US Treasury secretary Jack Lew said the EU's far-reaching tax probe was creating "disturbing international tax policy precedents" and urged Brussels to ease up in its current investigations against US multinationals like Apple, Amazon, Starbucks and McDonald's.
In a letter addressed to European Commission (EC) chief Jean-Claude Juncker, Lew warned that current investigations into tax evasion could damage the "mutual cooperation and respect that many countries have worked so hard to develop and preserve."
Lew said the EU had "serious concerns about fundamental fairness" of the EU's tax policy, adding that the uncertainty created by tax probes "could damage the business climate in Europe and deter foreign direct investment."
The criticism from such a high-ranking official is the most significant in recent times and comes amid an increase in criticism against Brussels' pursuit of companies over suspected tax avoidance.
US companies have become increasingly frustrated at the tax crackdown, arguing that they are subjected to unnaturally high tax rates if they attempt to transfer money to the US, with many analysts suggesting this has led to many American organizations holding assets in low-tax European countries.
EU Steps Up Tax Probes
In response, the EC rejected any suggestion it was unfairly targeting American firms.

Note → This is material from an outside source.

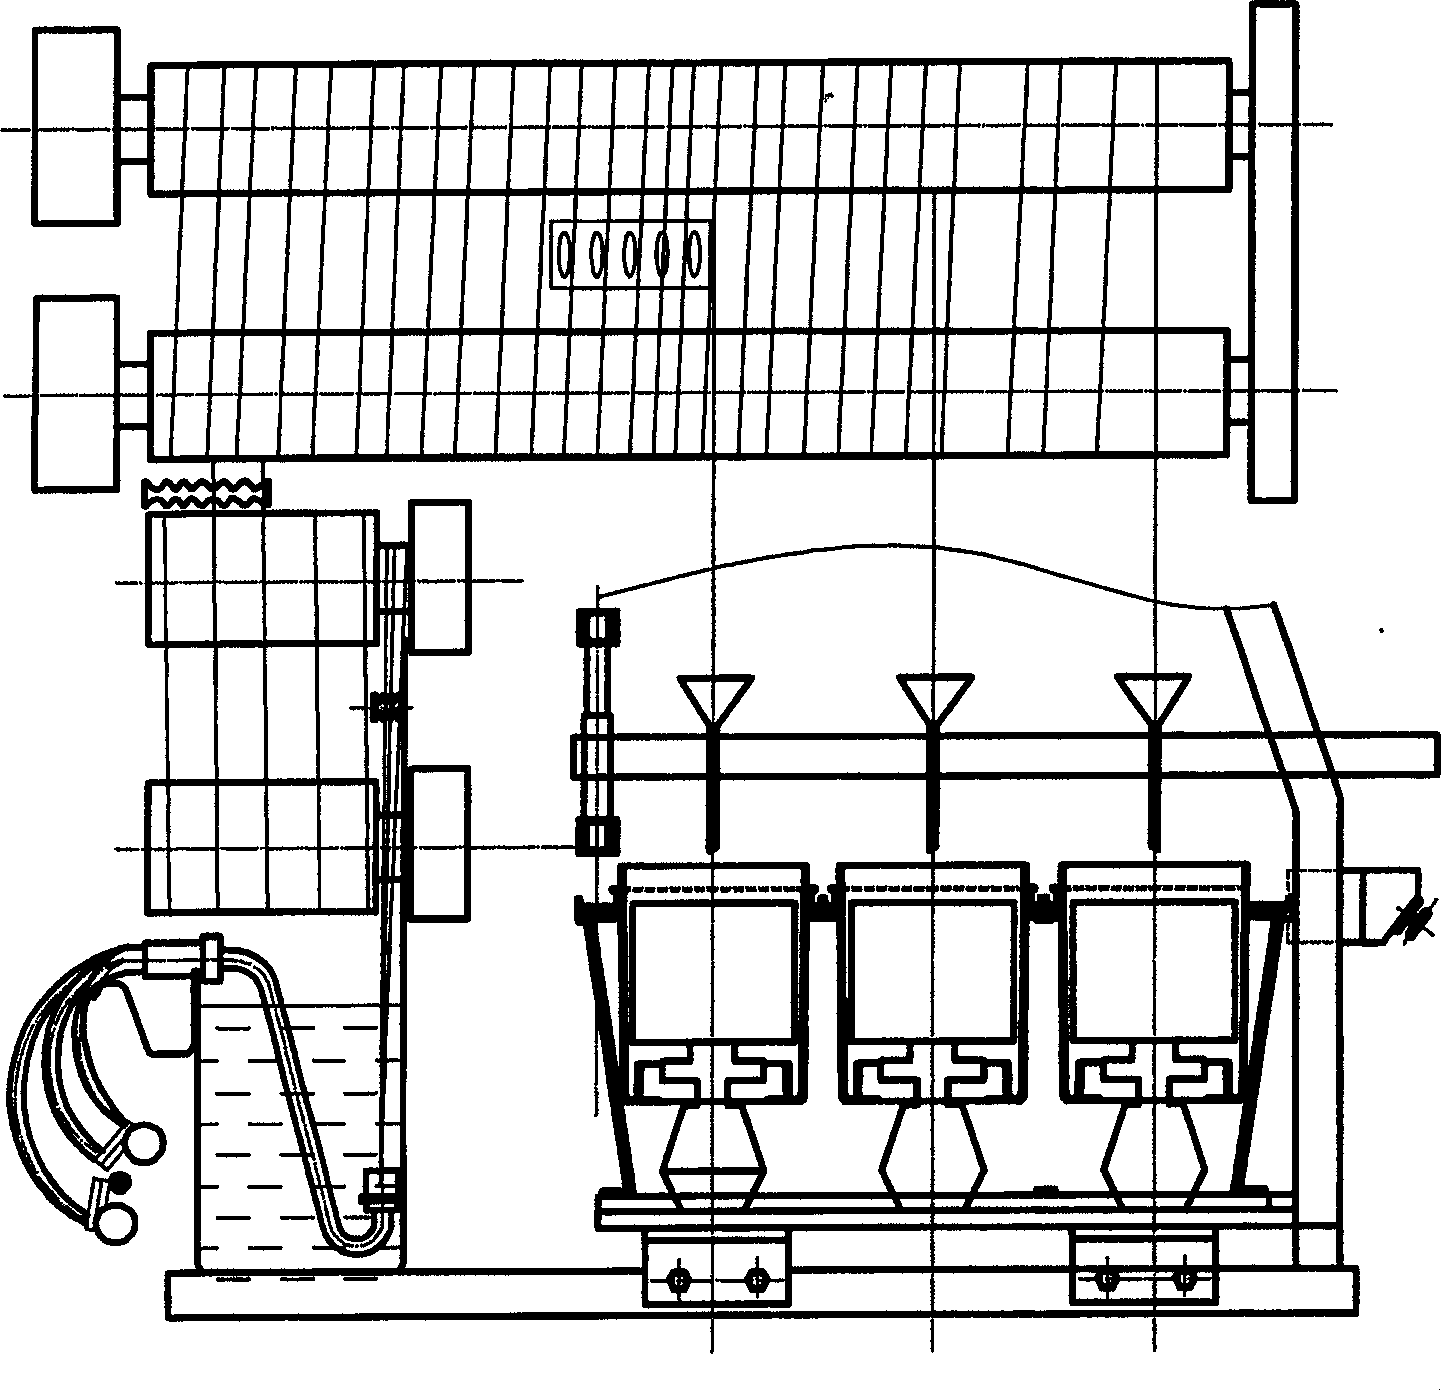 Semi-continuous centrifugal spinning process

"EU law applies indiscriminately to all companies operating in Europe — there is absolutely no bias against US companies," a spokesperson said, adding that investigations had "mostly" involved European companies.

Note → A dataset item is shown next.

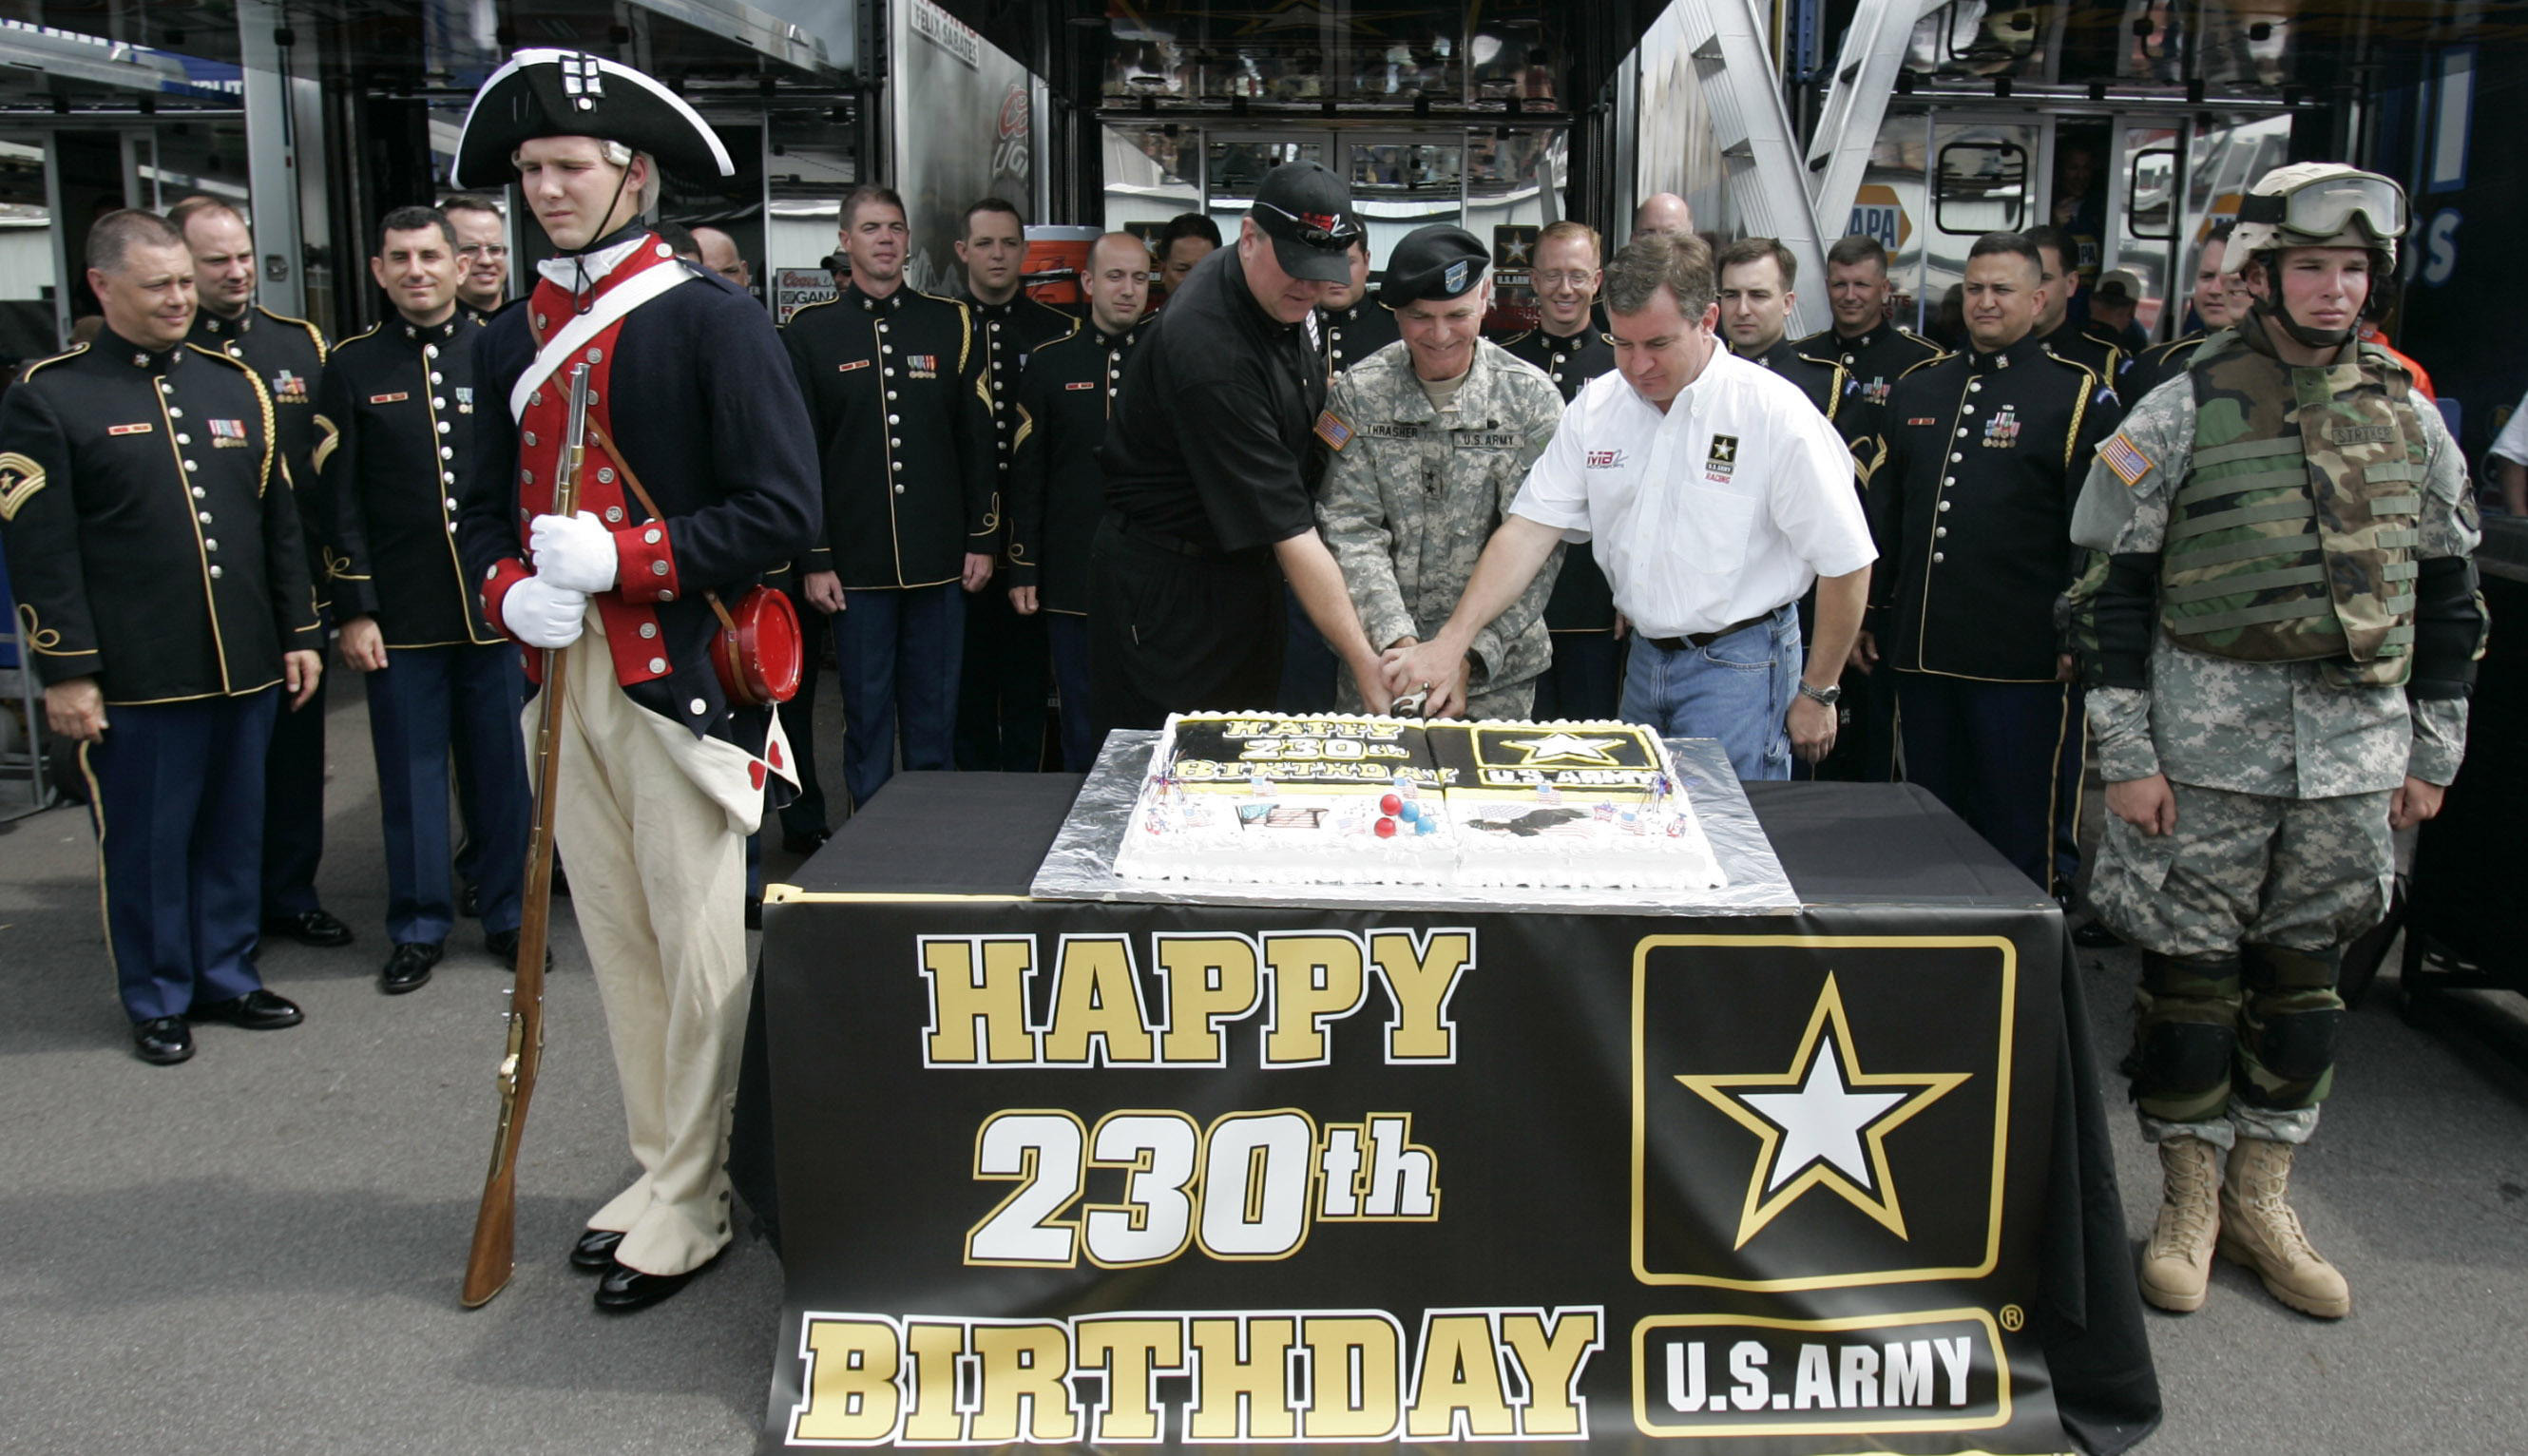 In 2005, the Army celebrated its 230th birthday with its NASCAR driver.

EU officials have stepped up their crackdown on tax avoidance following the LuxLeaks scandal of 2014, which revealed that a number of US multinationals, including Apple and Amazon, were among 340 firms to have negotiated highly favorable tax deals with authorities in Luxembourg.

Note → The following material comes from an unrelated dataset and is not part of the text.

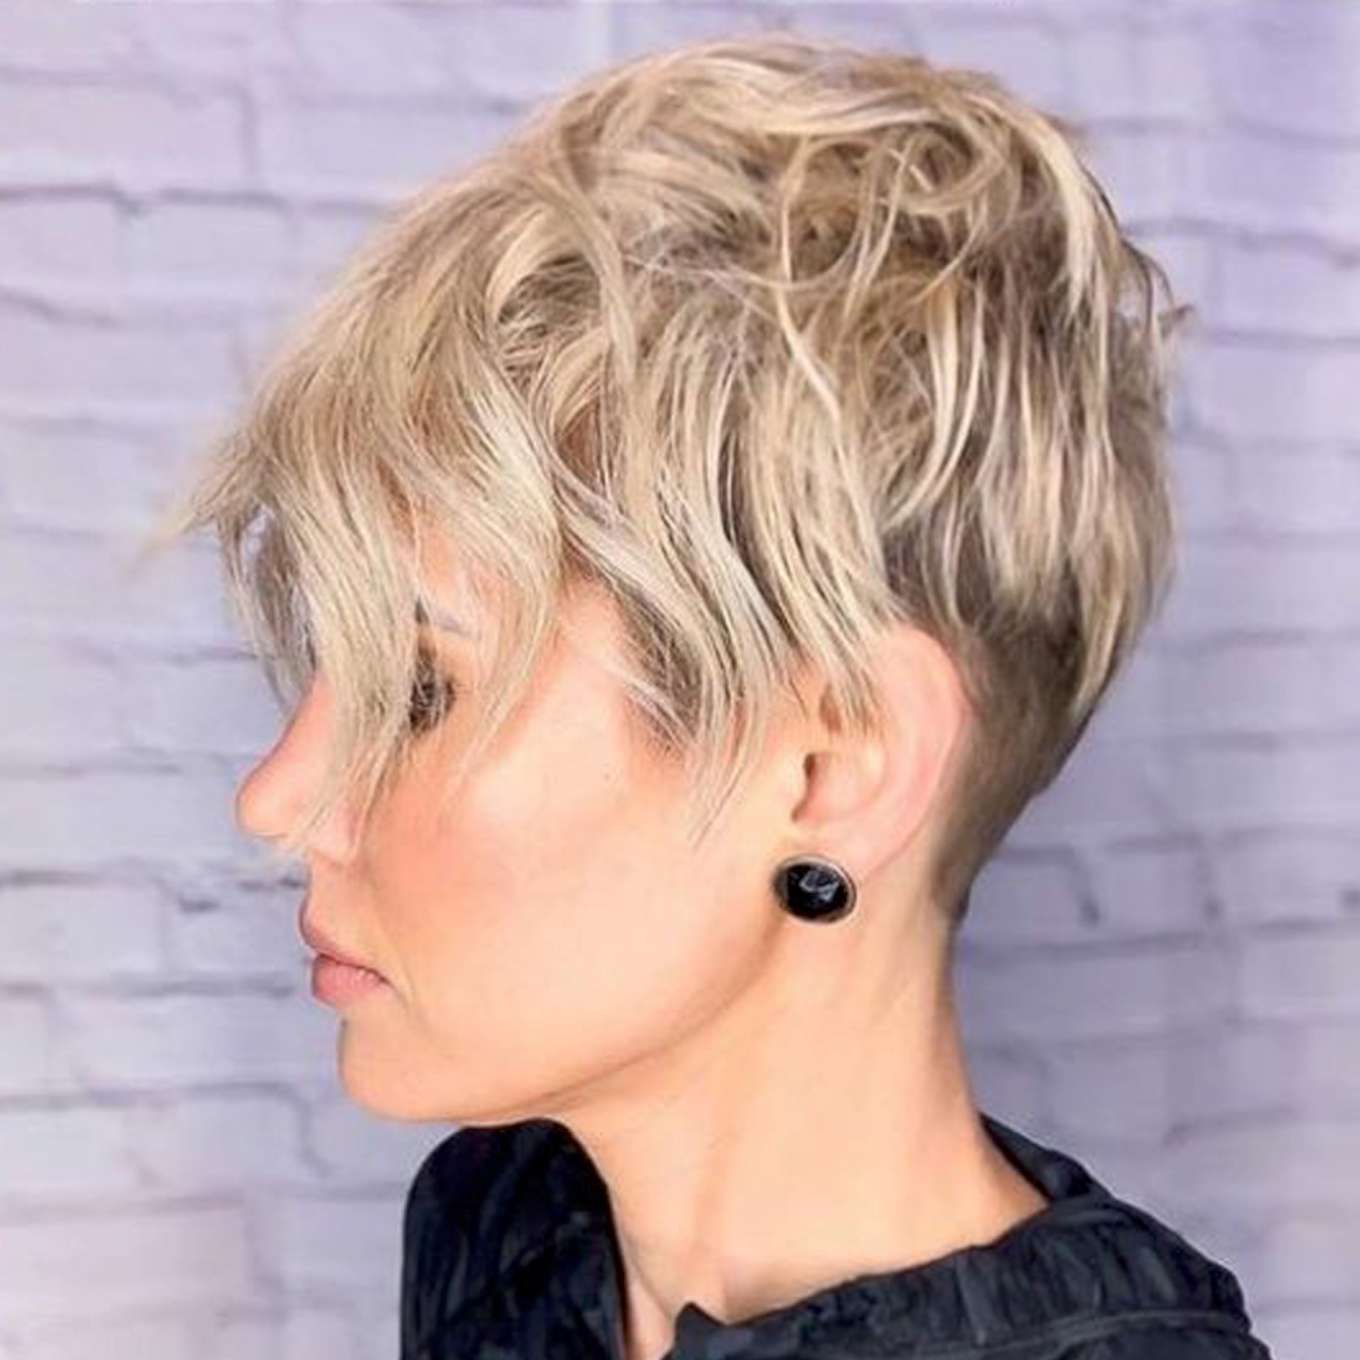 Sofia Rogers Short Hairstyles - 1

EU Commission will present recently launched #tax avoidance package to EU Council on 12 Feb. https://t.co/R0WfBwqD4V
— EU Taxation&Customs (@EU_Taxud) February 11, 2016
The issue was hugely embarrassing for the European Commission, as current president Jean-Claude Juncker was the prime minister of Luxembourg during the time that many laws were introduced allowing such tax deals to be negotiated.
Investigations have since been ongoing to decide whether such tax deals constituted illegal state aid, amid reports in the Financial Times that Apple may be forced to pay back US$19 billion in taxes if it is found guilty of benefiting from such practices.
Corporate #tax avoidance: see the problem and the proposed solutions in pictures. https://t.co/xxYk3Pqw9r
— EU Taxation&Customs (@EU_Taxud) February 10, 2016
However, not all have been pleased with the scope EU's tax crackdown, with many critics scalding Brussels' recently announced proposals aimed at combating tax evasion.
A series of NGOs said the plans did not go far enough to stop companies from shifting assets to low tax zones, while the proposals seemed to hit a snag on Friday with officials admitting they reforms should not go beyond international guidelines.